**Material shown**
Start of Block
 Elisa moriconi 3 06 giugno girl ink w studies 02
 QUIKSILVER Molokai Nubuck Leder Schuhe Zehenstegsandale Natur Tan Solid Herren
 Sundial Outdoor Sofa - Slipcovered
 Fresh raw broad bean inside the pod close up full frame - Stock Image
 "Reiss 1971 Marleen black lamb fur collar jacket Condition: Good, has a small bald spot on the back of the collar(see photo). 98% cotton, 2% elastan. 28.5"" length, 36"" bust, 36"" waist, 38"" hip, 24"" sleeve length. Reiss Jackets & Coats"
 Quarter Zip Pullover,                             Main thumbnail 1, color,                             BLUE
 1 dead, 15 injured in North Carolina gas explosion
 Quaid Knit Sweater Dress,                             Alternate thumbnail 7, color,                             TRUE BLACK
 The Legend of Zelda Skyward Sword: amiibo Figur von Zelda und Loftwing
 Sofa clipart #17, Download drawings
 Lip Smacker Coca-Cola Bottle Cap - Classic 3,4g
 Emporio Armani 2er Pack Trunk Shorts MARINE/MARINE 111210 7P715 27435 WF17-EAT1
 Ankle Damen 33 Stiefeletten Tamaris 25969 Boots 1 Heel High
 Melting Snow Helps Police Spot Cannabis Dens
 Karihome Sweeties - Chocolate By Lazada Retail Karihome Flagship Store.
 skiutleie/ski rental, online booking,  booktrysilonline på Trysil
End of Block
**What is being asked**
Print the material once more, exactly.

**Exercise solution**
 Elisa moriconi 3 06 giugno girl ink w studies 02
 QUIKSILVER Molokai Nubuck Leder Schuhe Zehenstegsandale Natur Tan Solid Herren
 Sundial Outdoor Sofa - Slipcovered
 Fresh raw broad bean inside the pod close up full frame - Stock Image
 "Reiss 1971 Marleen black lamb fur collar jacket Condition: Good, has a small bald spot on the back of the collar(see photo). 98% cotton, 2% elastan. 28.5"" length, 36"" bust, 36"" waist, 38"" hip, 24"" sleeve length. Reiss Jackets & Coats"
 Quarter Zip Pullover,                             Main thumbnail 1, color,                             BLUE
 1 dead, 15 injured in North Carolina gas explosion
 Quaid Knit Sweater Dress,                             Alternate thumbnail 7, color,                             TRUE BLACK
 The Legend of Zelda Skyward Sword: amiibo Figur von Zelda und Loftwing
 Sofa clipart #17, Download drawings
 Lip Smacker Coca-Cola Bottle Cap - Classic 3,4g
 Emporio Armani 2er Pack Trunk Shorts MARINE/MARINE 111210 7P715 27435 WF17-EAT1
 Ankle Damen 33 Stiefeletten Tamaris 25969 Boots 1 Heel High
 Melting Snow Helps Police Spot Cannabis Dens
 Karihome Sweeties - Chocolate By Lazada Retail Karihome Flagship Store.
 skiutleie/ski rental, online booking,  booktrysilonline på Trysil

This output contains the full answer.